朝のコーヒーショップでテキストをエディットする

 
・一般的に会社のようなところで行う労働が一年間のサイクルで動いているにせよ、ここまで毎年同じようなことを同じような感じで繰り返すということもそうそうないのだろうなと、あるいは知り合った人に自分の業務の内容と生活の形態を説明したならば「それは季節労働者ということですね」と言われて、そのような自覚とともに過ごすようになって、早くも10年。10年はひとつの昔。10年はひとつの時代。あるいは10年は定点観測の最小単位かもしれない。だけれども、そういう全く意図しない、全く狙っていなかった、全く気がつけば的な定点観測的業務を継続してきて、それによってわかることももちろんある。そしてそのこととは別に、この季節の備忘録を振り返ってみれば、毎年のように決まって「少し落ち着いて、少し暖かくなったら、やりたいことリスト」のようなことが記されているから、そのリストの、そのときの自分の、少しだけ先にあるようなこと(あって欲しいようなこと)が記録されているのもよい。大抵は読書のことと、ファッションのことと、何かを修理することと、どこかへ旅行へ行くことだけれども。

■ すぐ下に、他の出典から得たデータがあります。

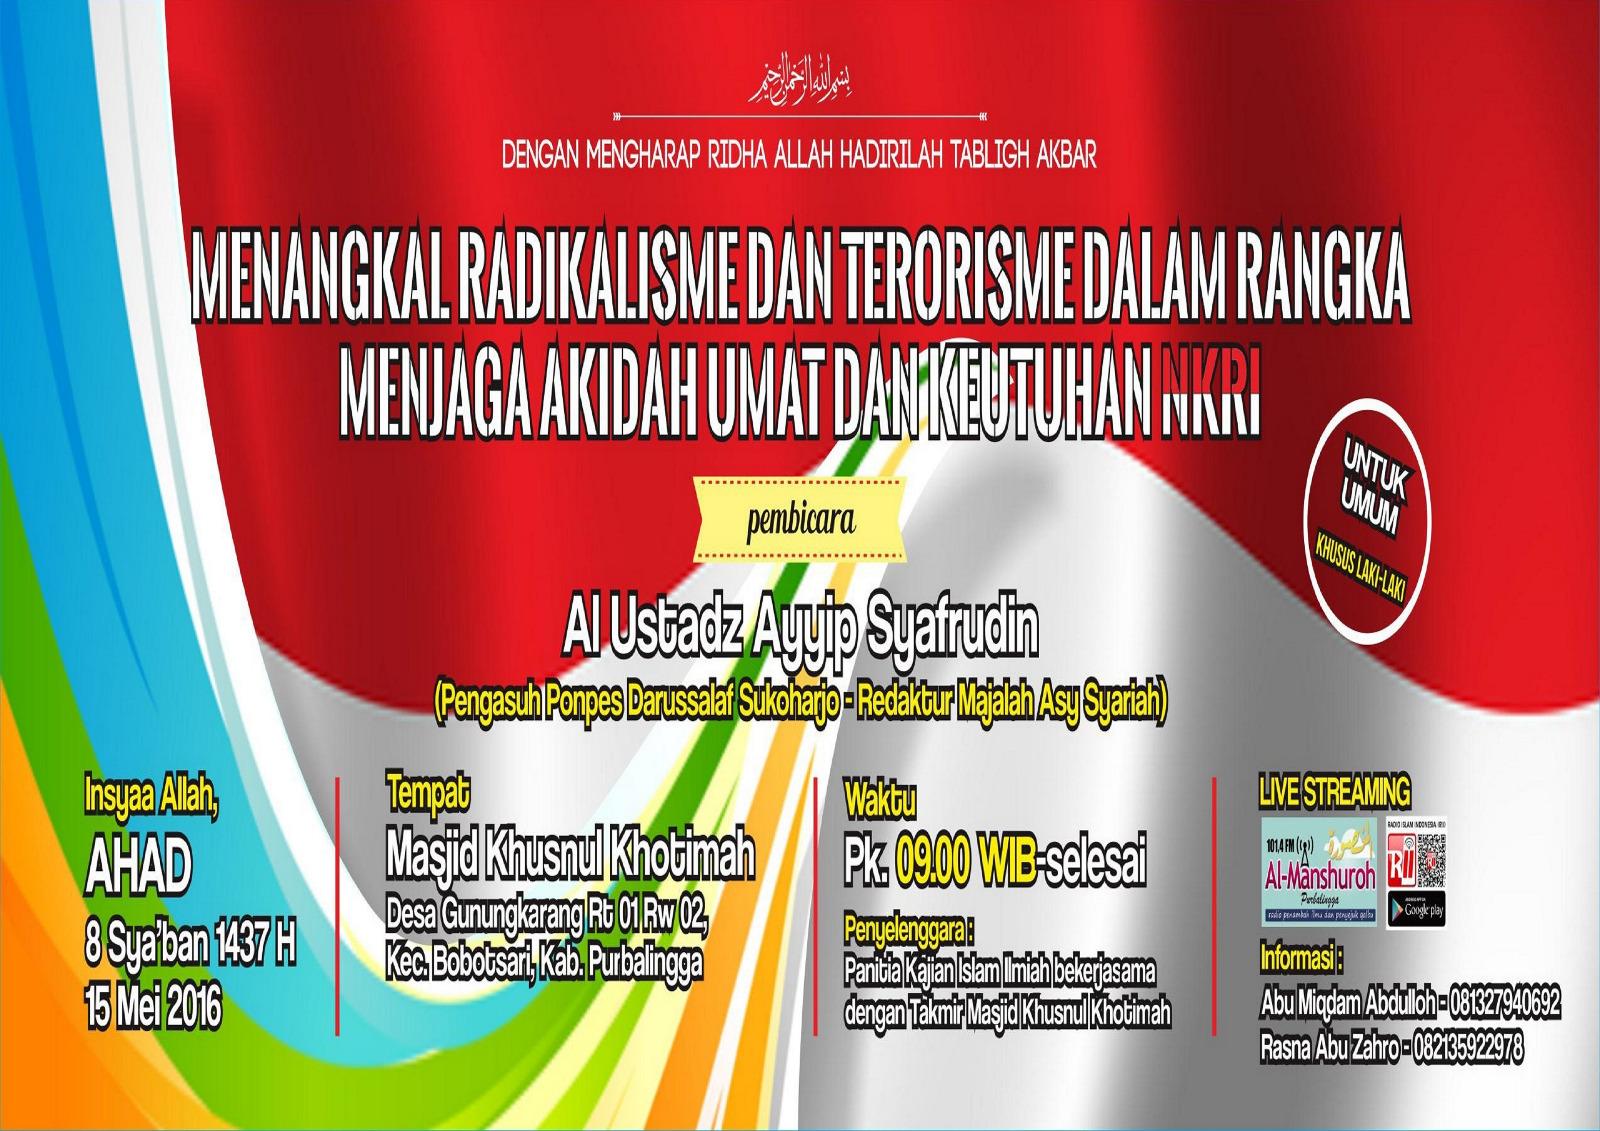 "Pamflet HADIRILAH Tabligh Akbar Ahlussunnah wal Jamaah ""MENANGKAL RADIKALISME DAN TERORISME DALAM RANGKA MENJAGA AQIDAH UMAT DAN KEUTUHAN NKRI "" 8 Sya'ban 1437 H / 15 Mei 2016"

・旅行に行きたいと思っている。夏のお盆のような季節に母の実家に行ったこと以外、ほとんど東京都・神奈川県・埼玉県を出た記憶がない。山へ登りに山梨県へも行っていない。稲城と、新宿と、清瀬・新座の、トライアングルと、その中継地点としての調布と府中、そして「へそ」のような東小金井。そういうフィールドを、文字通り右往左往(東奔西走)していたならば、すっかりこの一年が過ぎてしまったかもしれない。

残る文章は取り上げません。